In other regions of the country, the implementation of the regime’s ELCAC program has entailed the ransacking of the offices and homes of unarmed activists in police and military search and seizure operations, the planting of evidence in the form of firearms and ammunition during these “searches”, the mass arrest and detention of the said activists, extra-judicial killing, and even massacre. We experienced these, too, in the Cordillera region under previous regimes because the police and the military have always tended toward abuse. Under ELCAC, they have gained the forced cooperation or willing collaboration of local government officials. The Anti-Terrorism Act provides them and the local government officials with justifications and loopholes for continuing and expanding their abusive practices.

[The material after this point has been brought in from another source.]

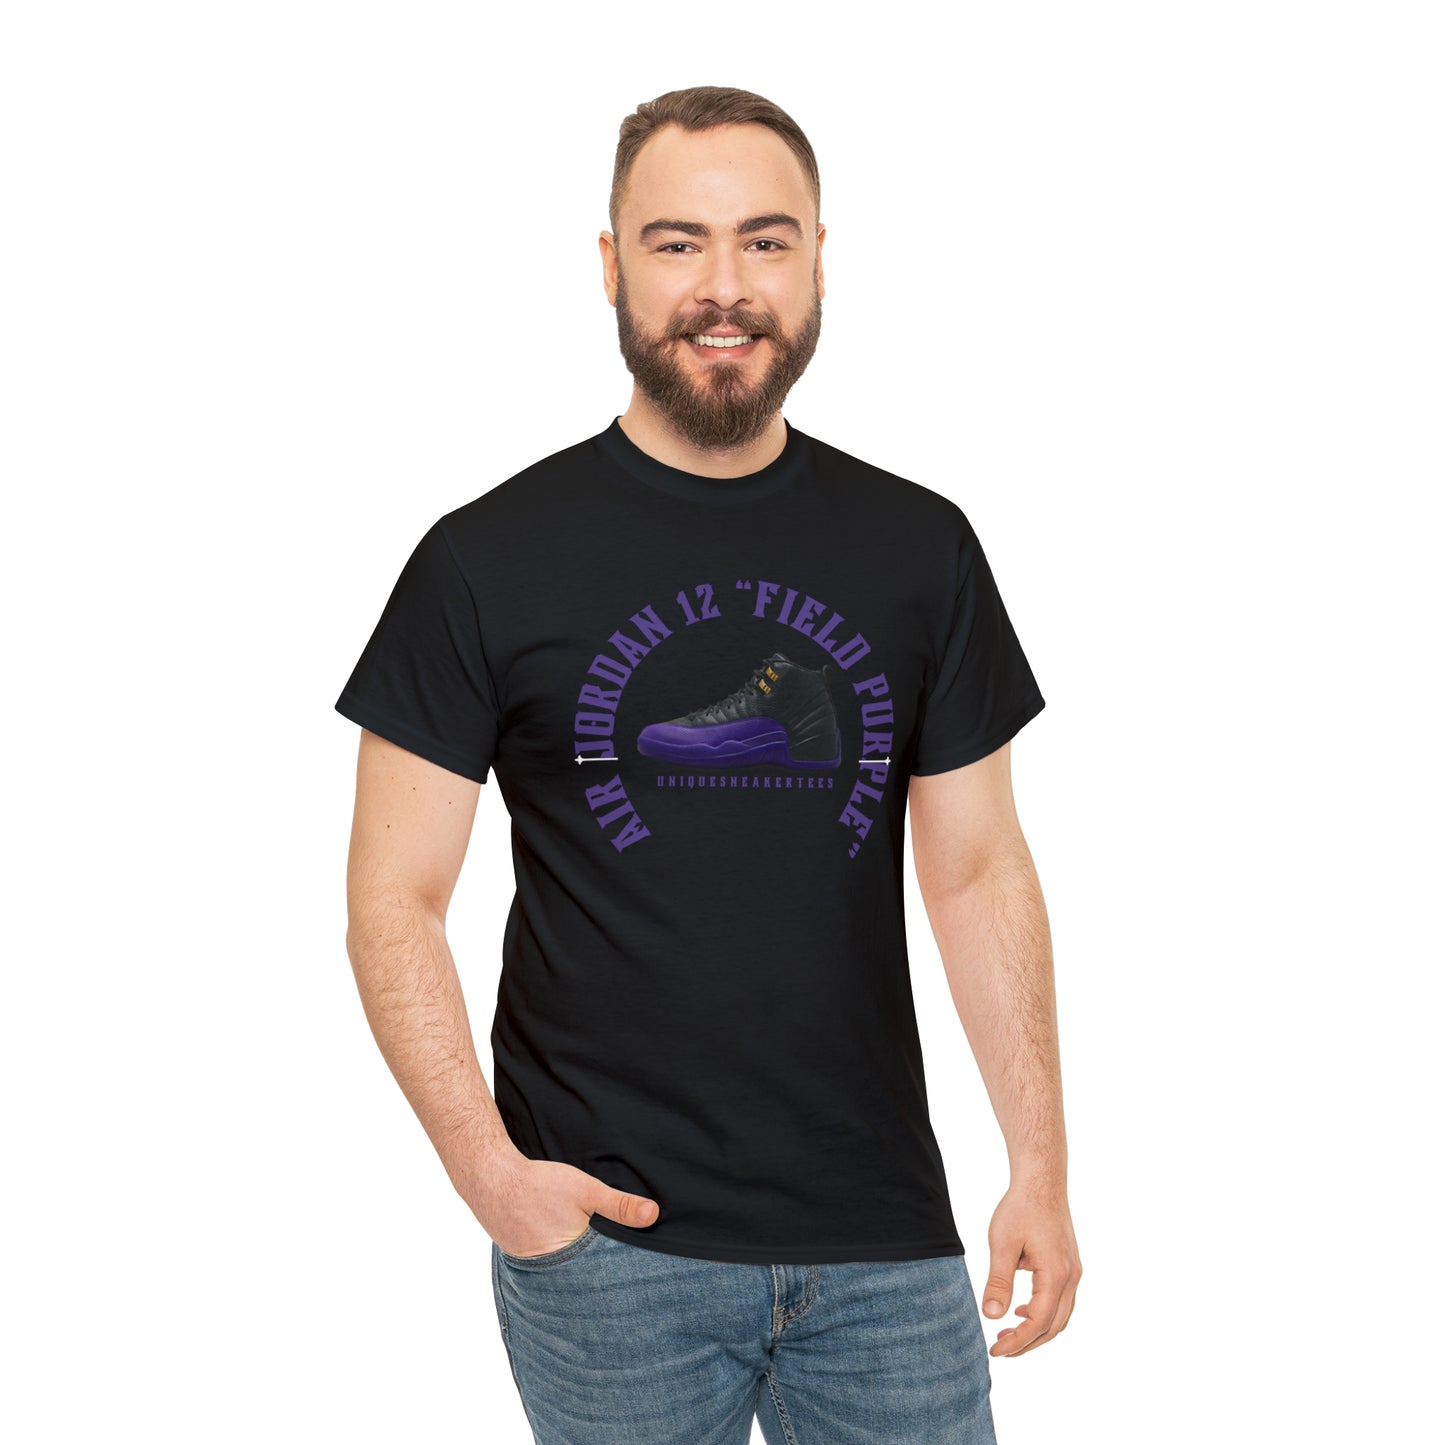 Air Jordan 12 “Field Purple” Tee
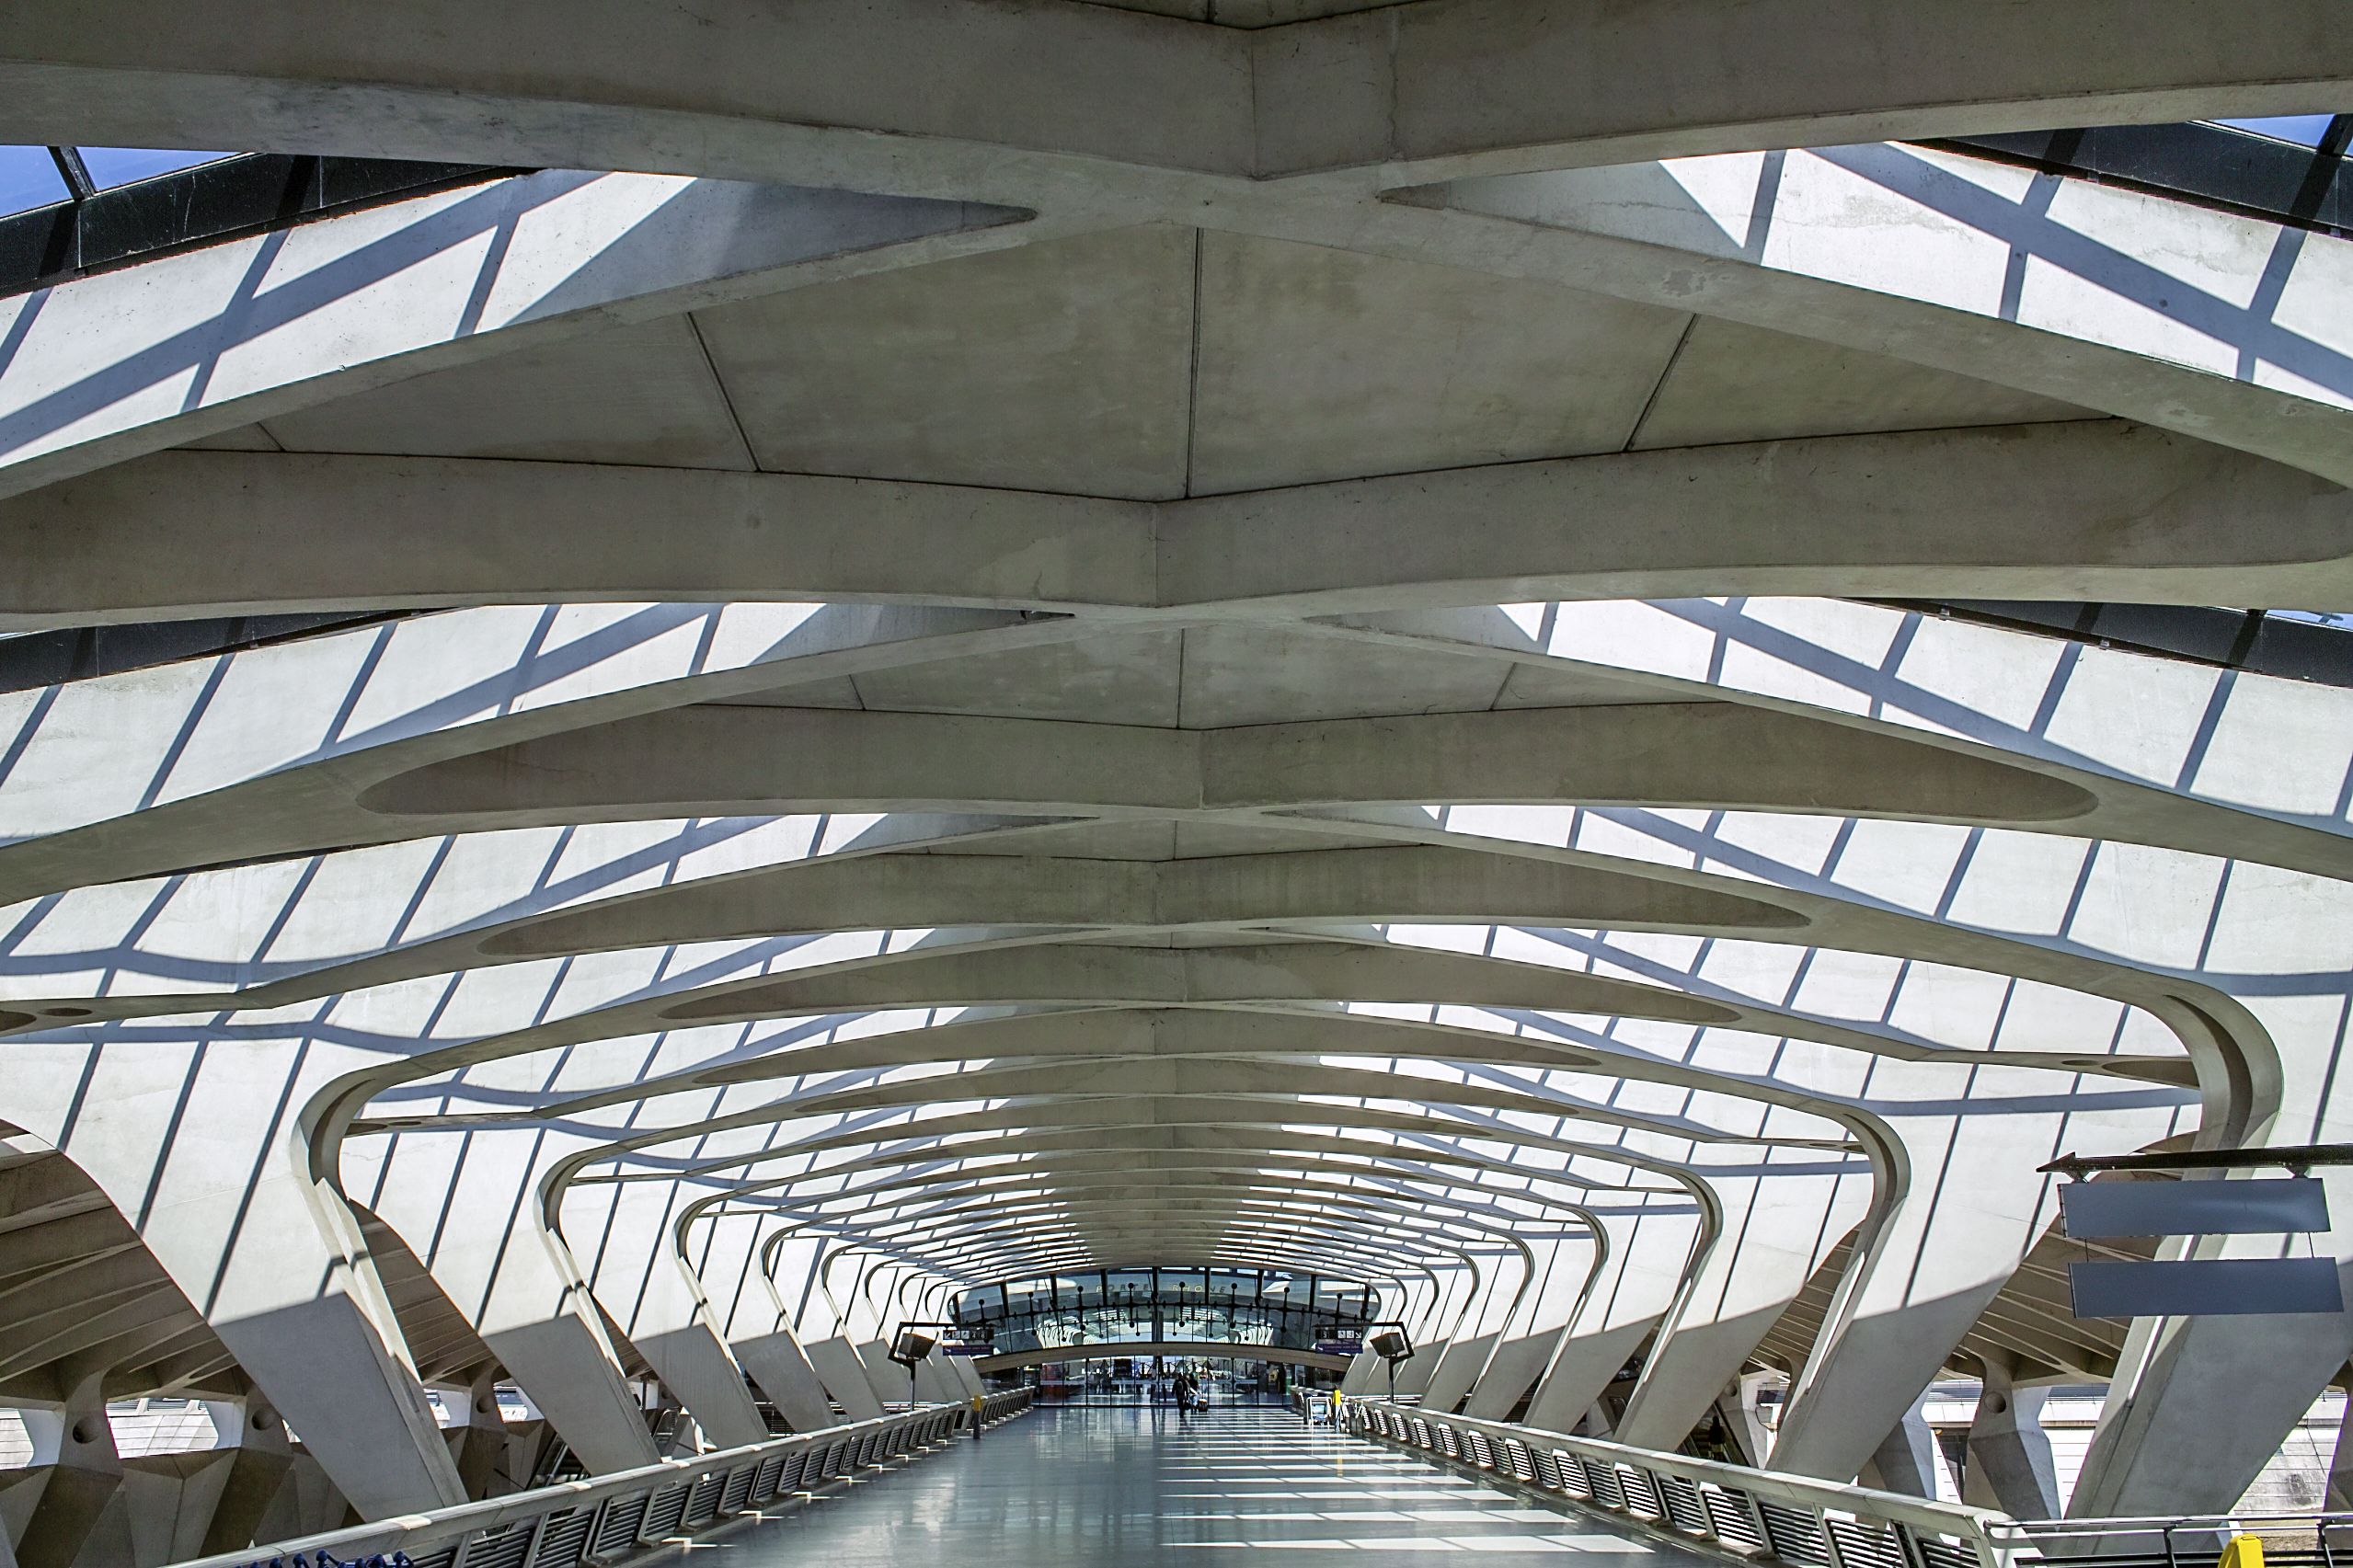 Impressive architecture at Lyon–Saint Exupéry Airport

Since the time of the Macapagal-Arroyo regime, regions occupied by indigenous peoples like ourselves have been the target of “IP-centric” counter-insurgency campaigns. There are two reasons for this: one, IP ancestral domains are resource-rich but have remained largely inaccessible to extractive industries because we IPs have been fairly successful in our struggles to retain control of our territories; two, mountainous and still largely forested, IP domains can serve as ideal bases for insurgent guerrillas. We, indigenous peoples, have been suffering the consequences of these campaigns. And we are especially anxious now that the Duterte regime is pushing more aggressively forward with its Build, Build, Build program as a pump-priming measure for saving the national economy from the ravages of its mishandling of the Covid-19 pandemic. The program includes the construction of unnecessarily large and unquestionably destructive projects in the building of hydroelectric and irrigation dams within IP domains. We foresee that as program implementation intensifies, so will IP-centric counter-insurgency, now relabeled counter-terrorism, and that Build, Build, Build will be accompanied by the Duterte regime’s other favored course of action, Kill, Kill, Kill.

The United Nations High Commissioner for Human Rights Michele Bachelet has already taken note of “persistent impunity” and “stark” human rights violations under the Duterte regime. With the passage of the Anti-Terrorism Act of 2020, how can we not expect the situation to worsen?

We call on all Filipinos to join us in fighting the tyranny of the Duterte regime. Junk the Anti-Terrorism Act of 2020!